Time: 50 minutes | Level: Advanced | Docker Image: zchencow/innozverse-ai:latest


Background

Without MLflow:                    With MLflow:
  "Which params gave 0.97 AUC?"      mlflow.search_runs(filter="metrics.auc > 0.97")
  "What data was this trained on?"   mlflow.log_param("dataset_version", "v2.3")
  "Is prod model still v1.2?"        mlflow.MlflowClient().get_model_version(...)
  "Why did accuracy drop?"           Compare run 847 vs run 901 in UI

MLflow solves the reproducibility crisis: most ML teams can't reproduce their own best results 3 months later.

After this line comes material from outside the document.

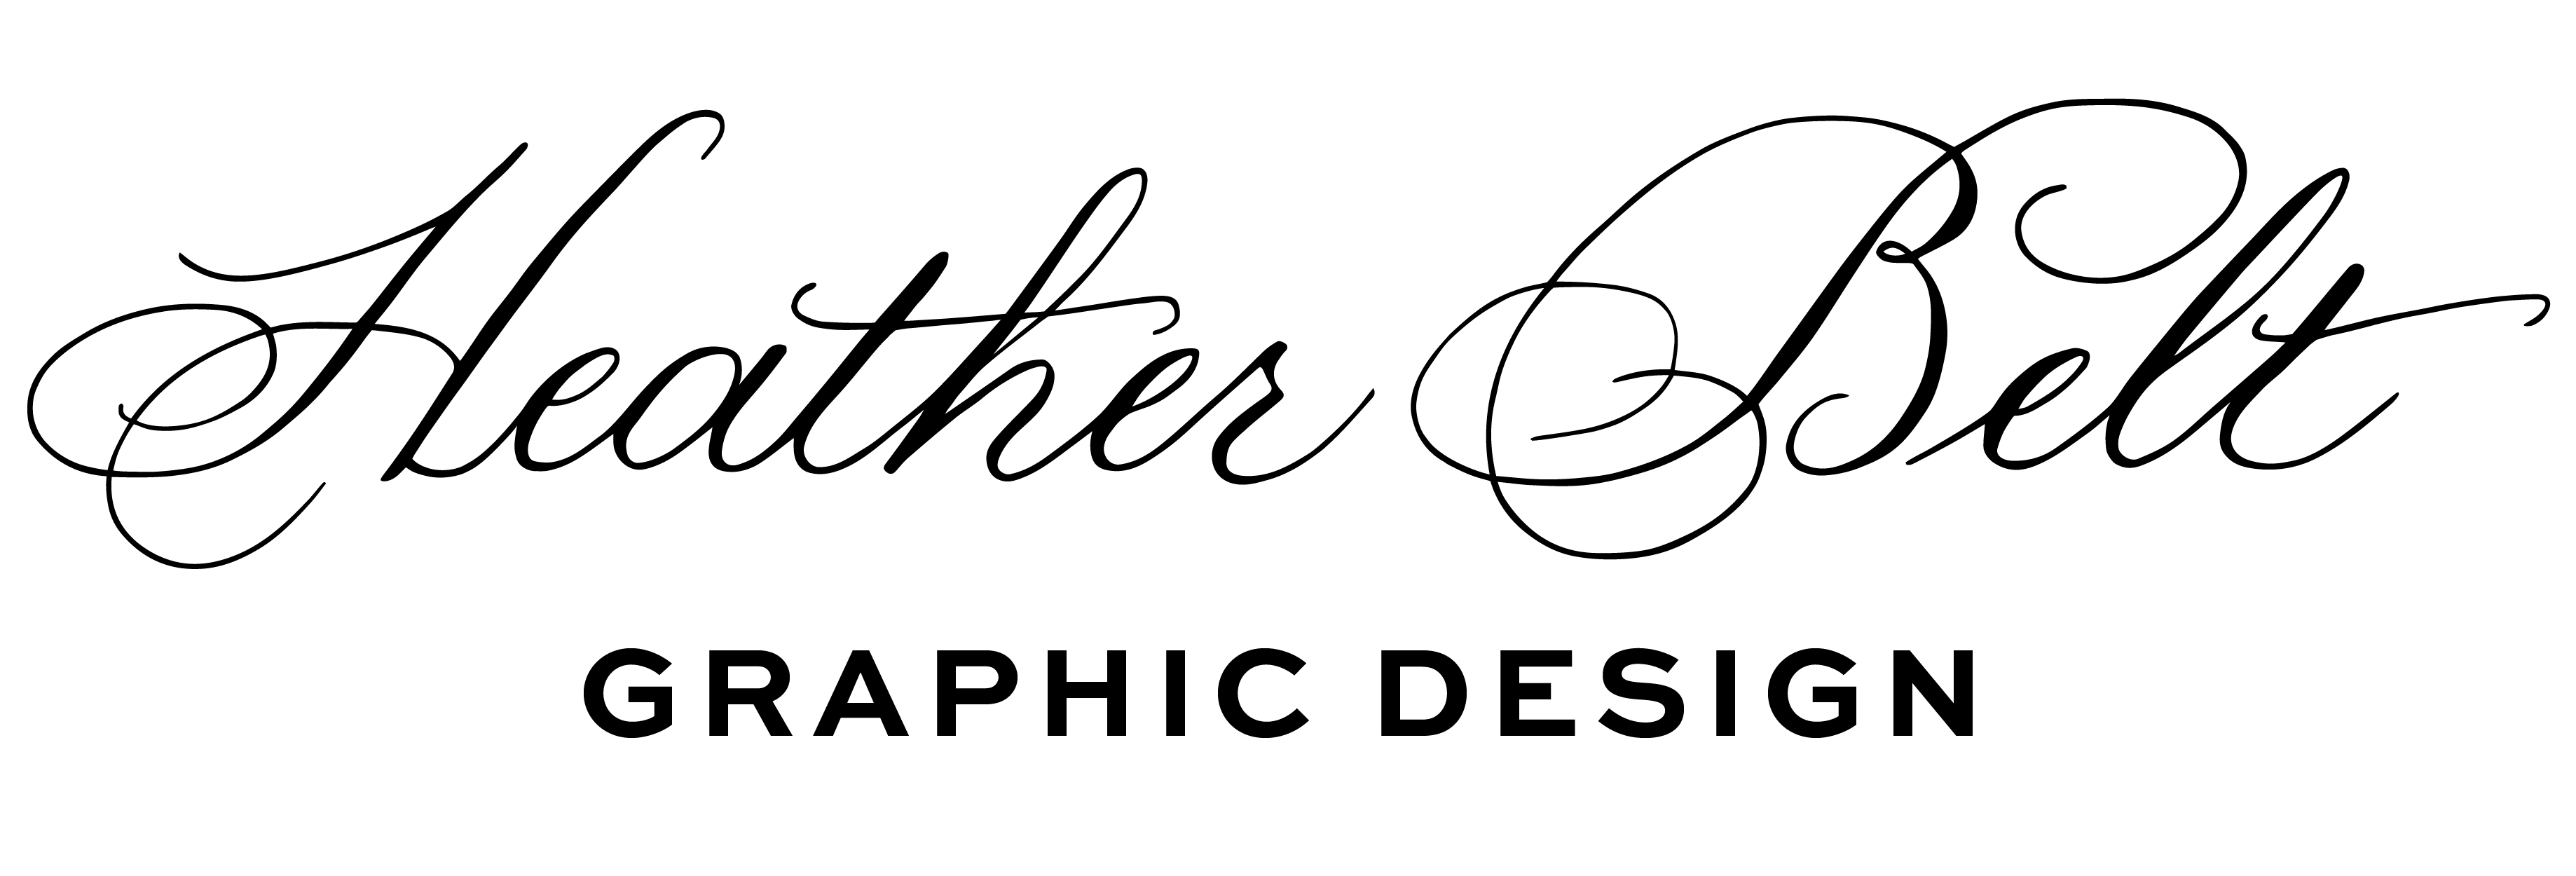 Heather Belt Graphic Design

Step 1: MLflow Tracking — Log Experiments

docker run -it --rm zchencow/innozverse-ai:latest bash
import numpy as np, json, hashlib, time
from sklearn.ensemble import GradientBoostingClassifier, RandomForestClassifier
from sklearn.linear_model import LogisticRegression
from sklearn.model_selection import cross_val_score
from sklearn.metrics import roc_auc_score, f1_score, precision_score, recall_score
from sklearn.datasets import make_classification
from sklearn.preprocessing import StandardScaler
from sklearn.model_selection import train_test_split
import warnings; warnings.filterwarnings('ignore')

np.random.seed(42)

# Dataset
X, y = make_classification(n_samples=5000, n_features=20, n_informative=12,
                             weights=[0.94, 0.06], random_state=42)
X_tr, X_te, y_tr, y_te = train_test_split(X, y, test_size=0.2, stratify=y, random_state=42)
scaler = StandardScaler()
X_tr_s = scaler.fit_transform(X_tr); X_te_s = scaler.transform(X_te)

class MLflowTracker:
    """
    MLflow-compatible experiment tracker.
    Real MLflow: import mlflow; mlflow.start_run()
    """
    def __init__(self, experiment_name: str, tracking_uri: str = "sqlite:///mlruns.db"):
        self.experiment_name = experiment_name
        self.tracking_uri    = tracking_uri
        self.runs            = {}
        self.active_run      = None

    def start_run(self, run_name: str = None, tags: dict = None) -> str:
        run_id = hashlib.md5(f"{run_name}{time.time()}".encode()).hexdigest()[:8]
        self.active_run = {
            'run_id':    run_id,
            'run_name':  run_name or f"run_{run_id}",
            'experiment':self.experiment_name,
            'status':    'RUNNING',
            'start_time':time.time(),
            'params':    {},
            'metrics':   {},
            'artifacts': [],
            'tags':      tags or {},
        }
        self.runs[run_id] = self.active_run
        return run_id

    def log_param(self, key: str, value):
        self.active_run['params'][key] = value

    def log_params(self, params: dict):
        self.active_run['params'].update(params)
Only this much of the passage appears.